Certainly, India is on a growing path. However, our economy still struggles to generate enough employment to match the eligible population. One reason is because the economic and financial institutions are not able to provide support the small and micro enterprises (SME). It seems banks are able to support only 4% of this small and micro enterprises sector. I have mentioned the significance of the small and micro enterprises in one of my previous articles: https://thekalyan.com/2014/05/29/india-should-focus-on-micro-small-and-medium-enterprises-now/
(image taken from “The Hindu”)
As per the statistics, these small and medium enterprises provide 90% of employment to decentralized manufacturing, services industries. Majorly known as “unorganized”, this sector is owned by self-employed people. Also the numbers shows that 45 per cent of GDP is contributed by this sector. Once properly recognized, trained, this sector can be of great value to our nation.

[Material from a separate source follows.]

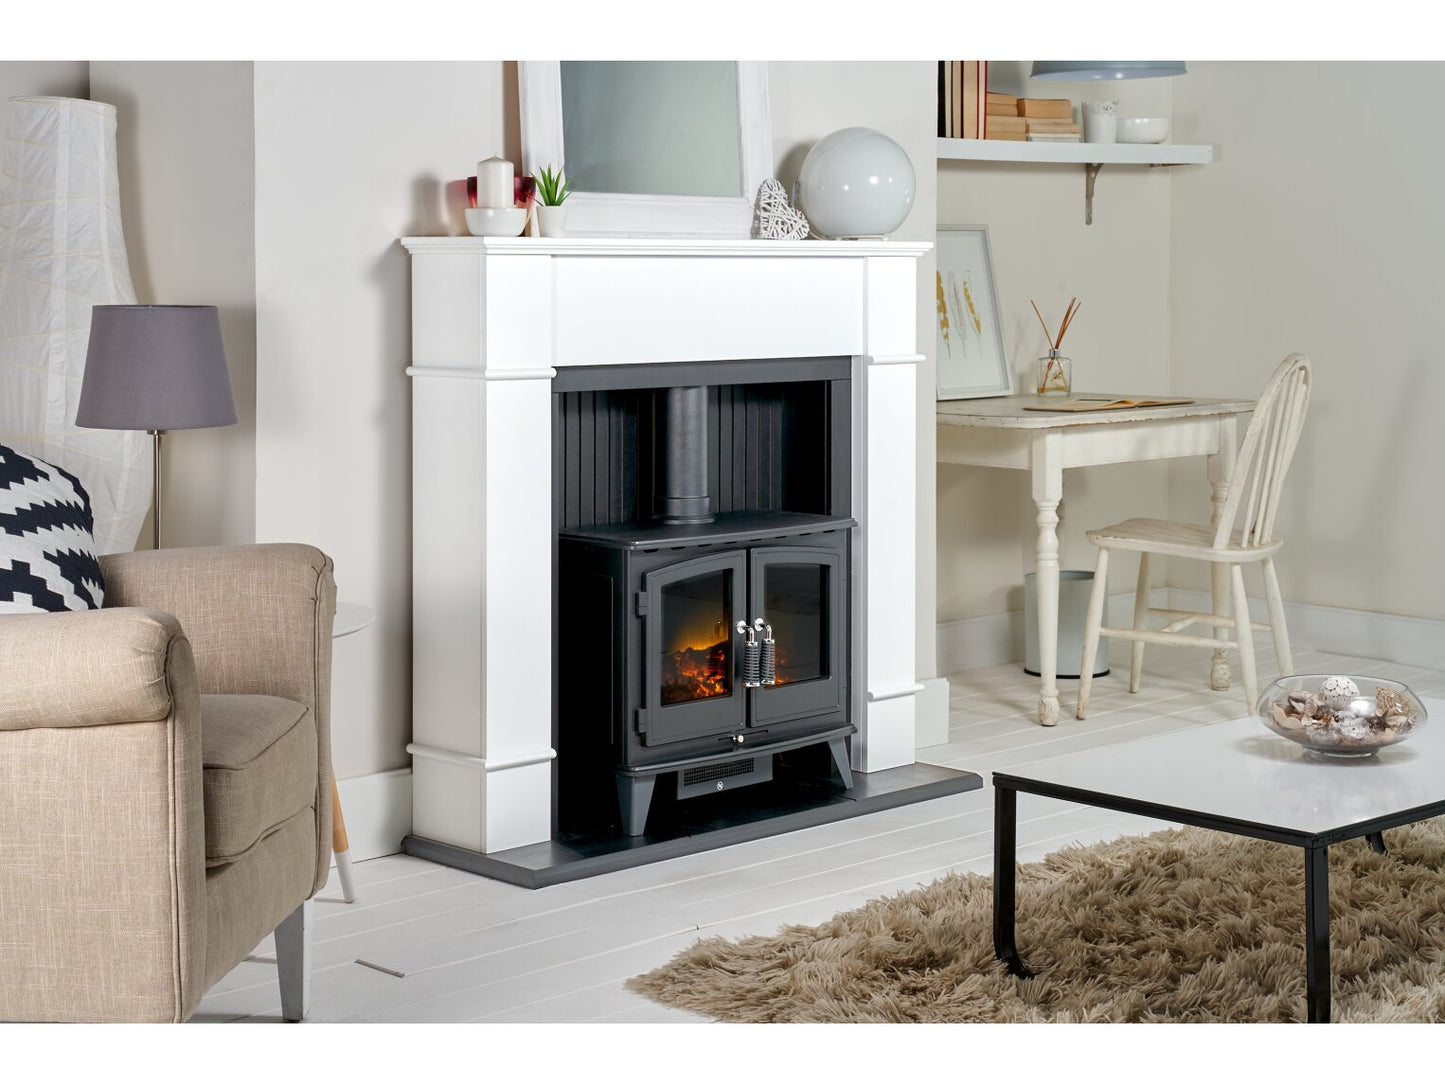 Adam Oxford Stove Fireplace with Woodhouse Electric Stove, 48 Inch 21503 Pure White

Some of the recent positive events can help SME develop
- Sebi has proposed that bank funding to listed SMEs. This move will give a huge boost to the SME trading platform and eases the financing needs of smaller companies. Another
- As a part of its strategy to strengthen itself in India, foreign lender DBS is now focusing on SMEs as well, typically one that has a loan requirement of Rs. 5 crore or below.
- The recent comments by Joe Hockey, Australian treasurer that SMEs can play a major role in strengthening trade ties between Australia and India has made us remind the significance of SMEs.
Well, “Make in India” initiative by our PM is majorly to improve the manufacturing areas of SME sector, we hope there will be new initiatives also taken for other areas of SMEs.